9.000 revolvers à percussion anglais Kerr à simple ou double action (n° de série entre 3000 et 10000, plus les productions d'avant guerre)

Toutes ces armes fournies par la London Armoury à Caleb Huse

8.000 revolvers LeMat, dont 3.000 pour la Marine (au total, environ 3.000 ont été livrés. Fournis par LeMat & Girard)

- Un nombre inconnu de revolvers européens à percussion de tout acabit, comprenant également des copies liégeoises du Colt 1851 Navy fabriquées par N. Gillon et d'autres armuriers liégeois.

Selon certains auteurs, les 20 tout premiers revolvers LeMat auraient été produits aux USA par John Krider, alors que les 450 premiers numéros de série du premier modèle auraient été produits à Liège. C'est possible mais fort douteux, étant donné qu'à ce jour on ne connaît qu'un seul exemplaire de LeMat à percussion contemporain de la guerre de Sécession fabriqué à Liège. C'est un Second Modèle, au n° de série élevé, et il est dans un état proche du neuf. Le fabricant n'a pas été identifié à ce jour, et aucune indication n'a été retrouvée dans les archives de LeMat et Girard quant à un éventuel contrat liégeois. Ce revolver est cependant de haute qualité et strictement identique à ceux produits par LeMat et Girard.

On ne trouve à Liège pas trace d'une activité excessive entre 1858-59 et 1865, pouvant indiquer un quelconque effort de guerre, ni d'exportations en masse vers les Etats-unis.

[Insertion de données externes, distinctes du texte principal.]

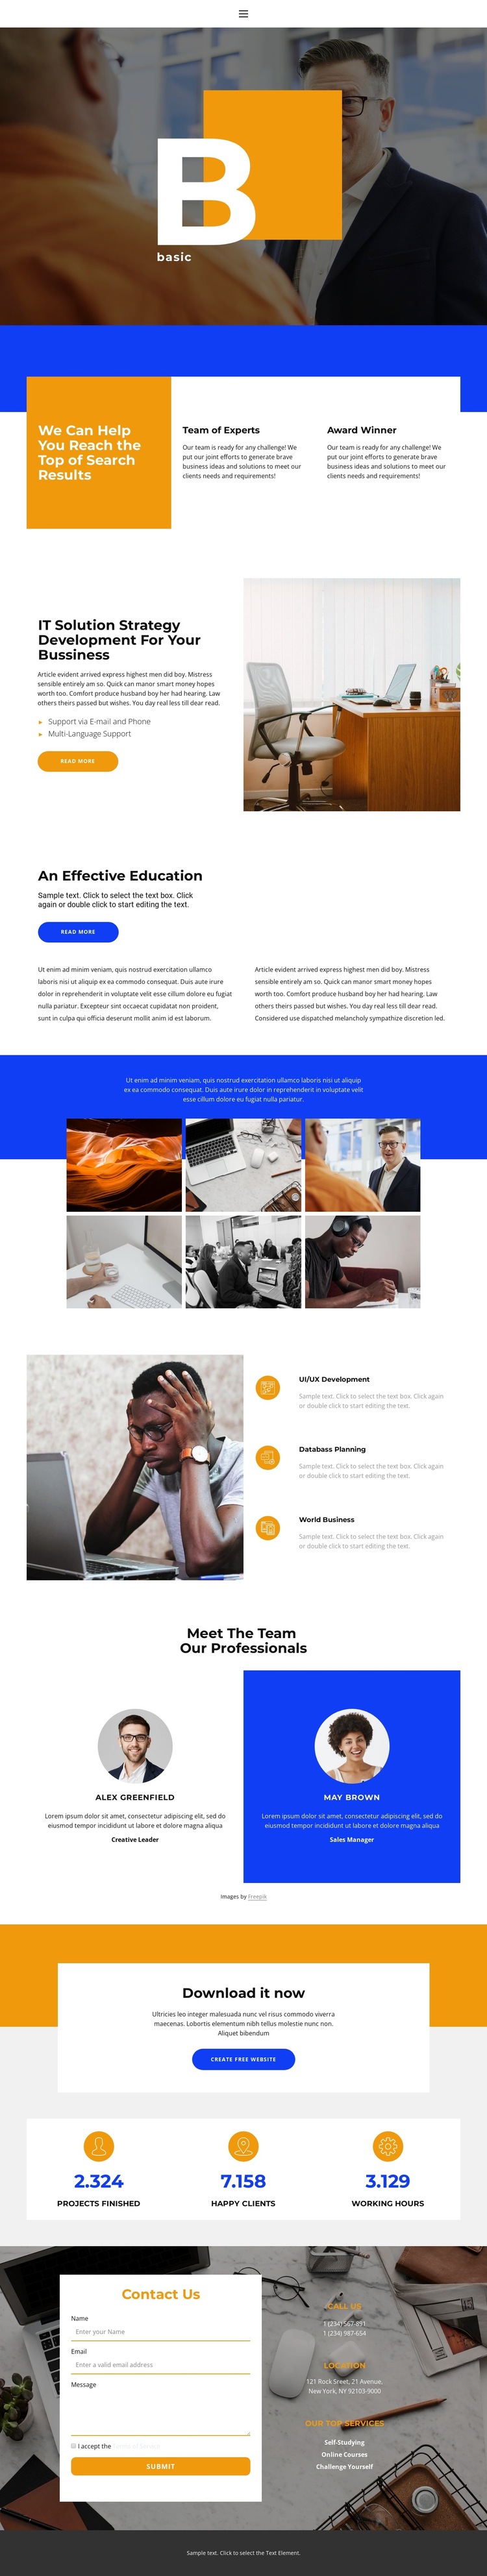 The path of the leader HTML5 Template

En conclusion, on peut dire que les quelques milliers de revolvers divers fabriqués à Liège qui se sont retrouvés aux mains des Confédérés, n'ont été que des parties de lots divers raflés sur le marché européen par les agents de la London Armoury Company. Il n'y a eu aucune commande effective de la part de la Confédération chez les armuriers liégeois, et aucun de ces derniers ne semble s'être intéressé au marché potentiel que pouvait représenter ce conflit lointain.